We can now invoke the appropriated generate & deploy tools in Splout SQL:
hadoop jar splout-*-hadoop.jar generate -tf file:///`pwd`/retail_tablespace.json -o out-retail-example hadoop jar splout-hadoop-*-hadoop.jar deploy -root out-retail-example -ts retail_example -q http://localhost:4412
The first command creates the binary indexed SQLite files that are later deployed to Splout SQL using the second command.
Implementing the coupon generation system
For offering coupons to clients we can peform a join query as follows:
SELECT product FROM promotional_products, retail_top_categories WHERE client_id = 0 AND retail_top_categories.category = promotional_products.category ORDER BY count DESC LIMIT 5;
This query will select 5 products in the promotional products list based on previous client purchases. The join query is based on the product category, but we could have used the sub-category as well:
SELECT product FROM promotional_products, retail_top_subcategories WHERE client_id = 0 AND retail_top_subcategories.sub_category = promotional_products.sub_category ORDER BY count DESC LIMIT 5;
Generally speaking, both queries will return different results. Taking a look at customer’s summarized activity by category or by sub-category offers us different points of view. You can test both queries in Splout SQL’s administration webapp (at localhost:4412).

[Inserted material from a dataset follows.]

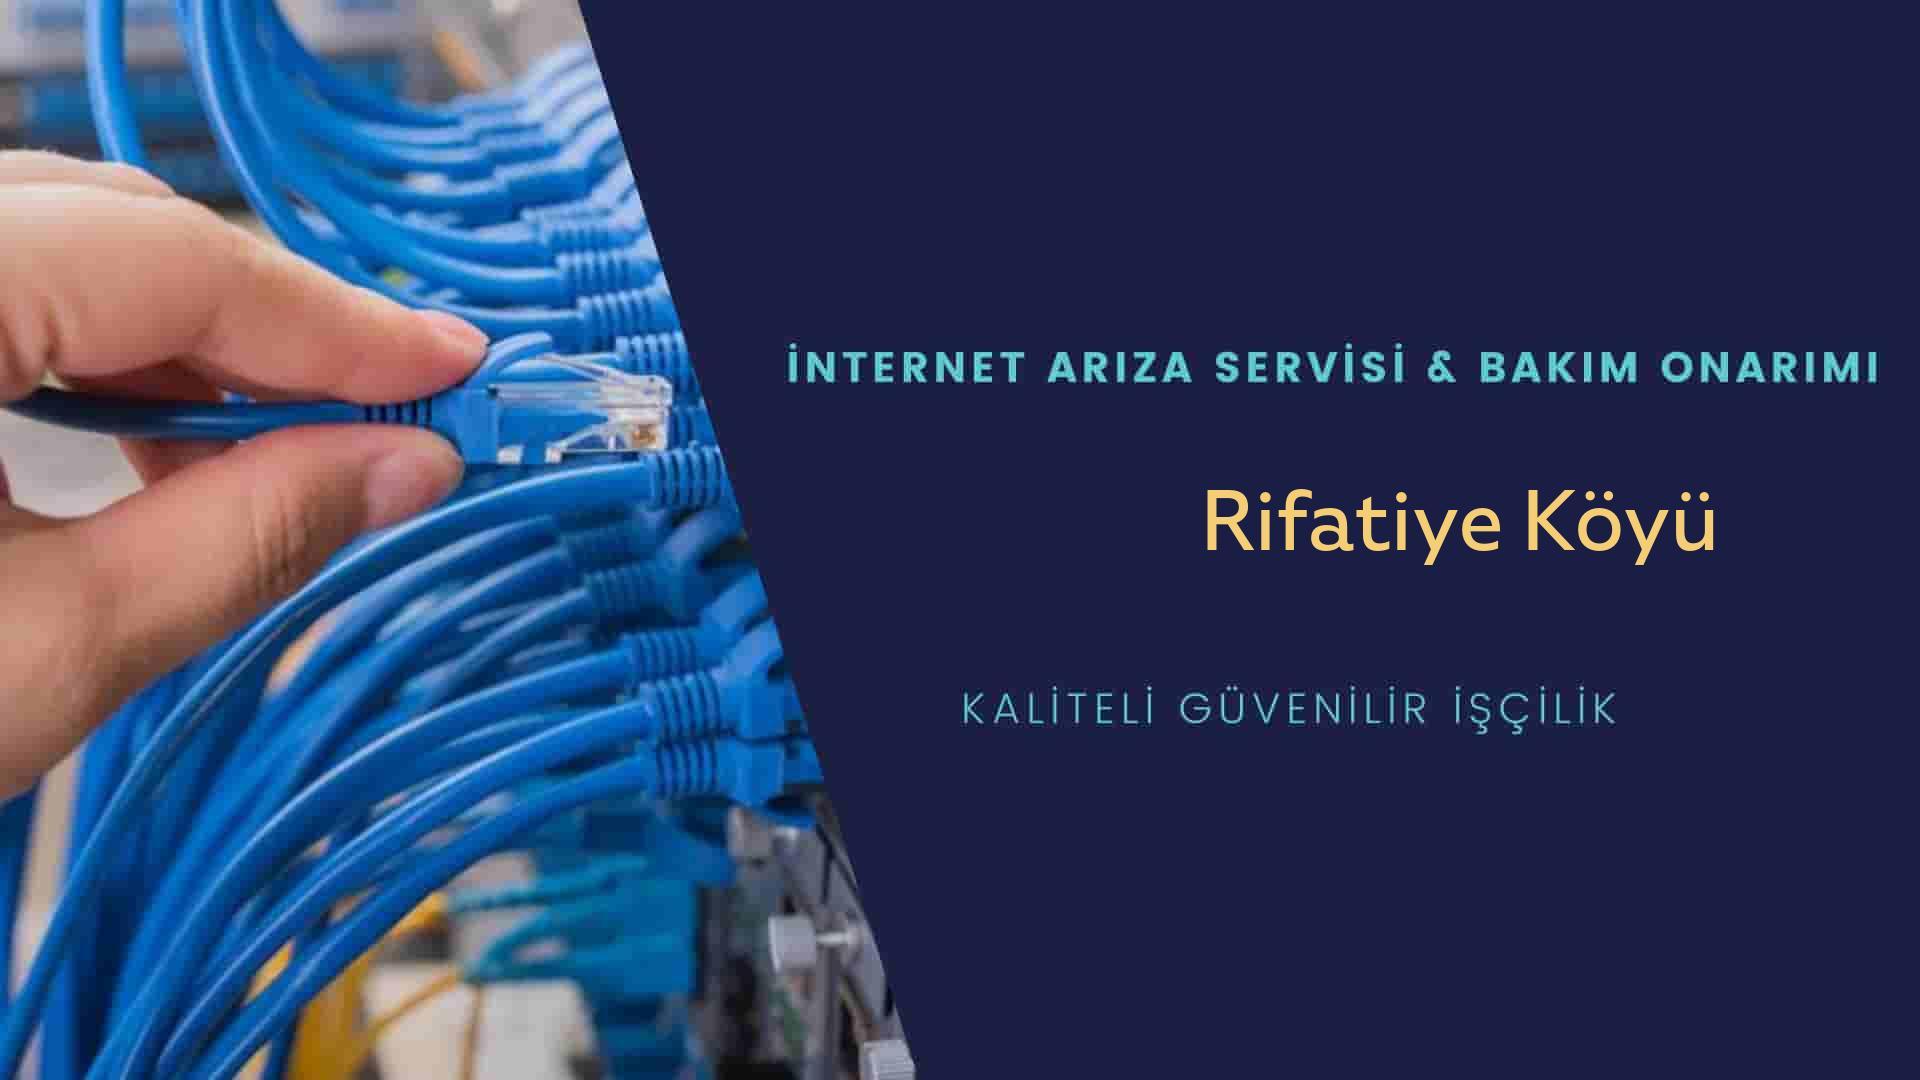 Rifatiye Köyü internet kablosu çekimi yapan yerler veya elektrikçiler mi? arıyorsunuz doğru yerdesiniz o zaman sizlere 7/24 yardımcı olacak profesyonel ustalarımız bir telefon kadar yakındır size.

In the following attached HTML we have implemented a simple Javascript app that queries Splout SQL for printing discounts.
Conclusion
By combining Pig with Splout SQL we have implemented a simple coupon generation system with almost no effort. This system is able to scale to huge amounts of input data. Even for tremendous amounts of clients purchasing products for long periods of time we can analyse our Big Data in a scalable way using Hadoop (Pig) and yet make it available for real-time querying by Splout SQL. The implemented example is very straight-forward, but it is easy to imagine other complex variants of it like providing a mobile application to each client for checking the purchase activity evolution over time.